Under the hood, AI_TRANSCRIBE orchestrates optimized AI models for transcription and speaker diarization, processing audio files of up to two hours in length. AI_TRANSCRIBE is horizontally scalable, allowing efficient batch processing by processing multiple files at the same time. Audio can be processed directly from object storage to avoid unnecessary data movement.
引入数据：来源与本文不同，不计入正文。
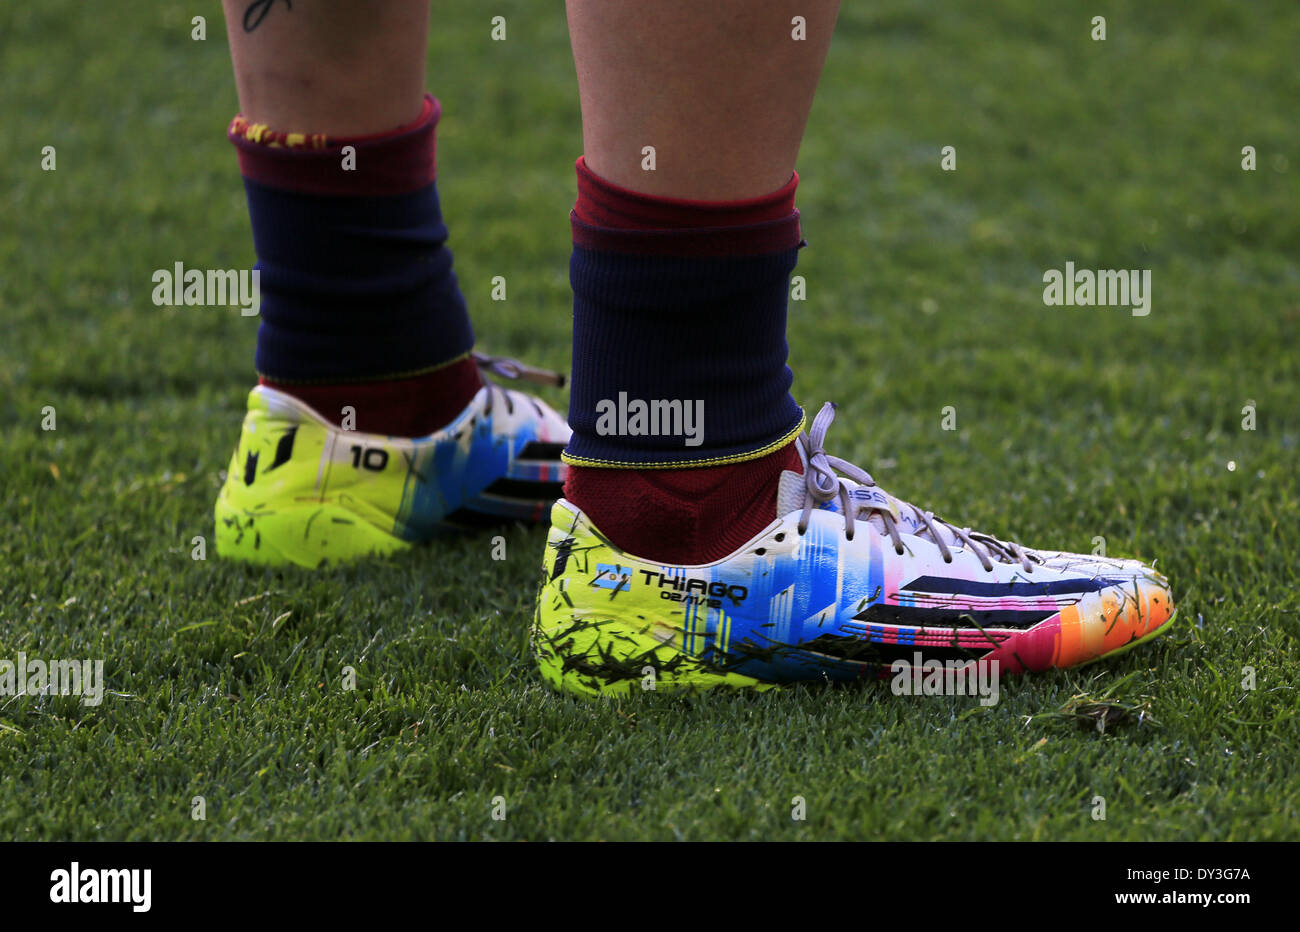 Barcelona, España. 5 abr, 2014. Los zapatos de Leo en el partido entre el FC Barcelona y el Betis en la semana 32 de la liga española, jugó en el Camp

默认情况下,AI_TRANSCRIBE 将音频文件转换为干净、可读的文本。您还可以指定时间戳粒度,以提取每个单词或说话者变化的时间戳。对于字幕等应用程序或让用户通过点击脚本中的单词来跳转到音频的特定部分,单词级时间戳非常有用。说话者级别的时间戳有助于了解谁在会议、面试或电话中说了什么。
| 时间戳粒度模式 | 结果 |
|---|---|
| 默认值 | 将整个音频文件转录成一段 |
| 文字 | 转录的每个文字都有时间戳 |
| 发言人 | 每次更换发言人时指明谁在说话以及时间戳 |
支持的语言
AI_TRANSCRIBE supports the following languages, which are automatically detected. Files can contain multiple supported languages.
Note
Language detection requires audio to begin within the first five seconds of the file. For best results, trim excess silence before uploading.
- 阿拉伯语
- 保加利亚语
- 广东话
- 加泰罗尼亚语
- 中文
- 捷克语
- 荷兰语
- 英语
- 法语
- 德语
- 希腊语
- Hebrew
- Hindi
- 匈牙利语
- 印尼语
- 意大利语
- 日语
- 韩语
- 拉脱维亚语
- Malay
- Norwegian
- 波兰语
- 葡萄牙语
- 罗马尼亚语
- 俄语
- 塞尔维亚语
- 斯洛文尼亚语
- 西班牙语
- 瑞典语
- 泰语
- 土耳其语
- 乌克兰语
Supported media formats¶
AI_TRANSCRIBE supports the following audio and video file formats:
| Audio | FLAC, MP3, MP4, OGG, WAV, WEBM |
|---|---|
| Video | MKV, MP4, OGV, WEBM |
Video files must contain at least one audio track in FLAC, MP3, OPUS, VORBIS, or WAV format.
示例
文本转录
The following example transcribes an audio file stored in the
financial_consultation stage, returning a text transcript of the entire file. The
TO_FILE function converts the staged file to a file reference.
响应:
使用时间戳进行单词级分段
Set the timestamp granularity to “word” to extract precise timestamps for every word spoken, enabling searchable, navigable transcripts. Note that this audio file is in Spanish.
响应:
Note
为简洁起见,输出被截断。完整输出包含音频文件中每个单词的片段。
说话者识别
Set timestamp granularity to “speaker” to detect, separate, and identify unique speakers in conversations or meetings. This example uses an audio file an audio file with two speakers, one speaking English and the other Spanish.
响应:
Note
为简洁起见,输出被截断。完整输出包含音频文件中每个对话“回合”的片段。
Use with other AI Functions¶
Call transcript analysis¶
You can pass the output of AI_TRANSCRIBE to other AI Functions for further processing. For example, you can use AI_SUMMARIZE to summarize the transcription, or AI_CLASSIFY to classify the content of the transcription. This example uses AI_SENTIMENT and AI_COMPLETE to analyze the text transcribed from customer call audio and provide sentiment on four dimensions and an assessment of the agent.
Note
AI_SENTIMENT 仅分析文本,不考虑语气等语音特征。
AI_SENTIMENT 响应:
AI_COMPLETE 响应:
Video transcript analysis¶
The following example transcribes a video file stored in the podcast_videos_S3 stage,
响应:
Once you have the transcript, you can use AI_COMPLETE to perform additional analysis. This example identifies retail brands mentioned in the conversation for use in advertising or sponsorship analytics.
Response
成本注意事项
Billing for all AI Functions is based on token consumption. For transcription, each second of audio processed is 50 tokens, regardless of language or segmentation method. A full hour of audio is therefore 180,000 tokens. Assuming that processing a million tokens costs 1.3 credits, and that Snowflake credits cost US $3 each, each hour of audio processed costs about US $0.702. This estimate is subject to change. For current pricing information, see the Snowflake Service Consumption Table.
Note
AI_TRANSCRIBE 最低计费时长为 1 分钟。少于 1 分钟的文件仍会被处理,但按照 1 分钟计费。要高效地处理大量的短音频文件,可以考虑将它们批处理成一个文件,并使用时间戳来标识生成的转录中每个原始文件的开头和结尾。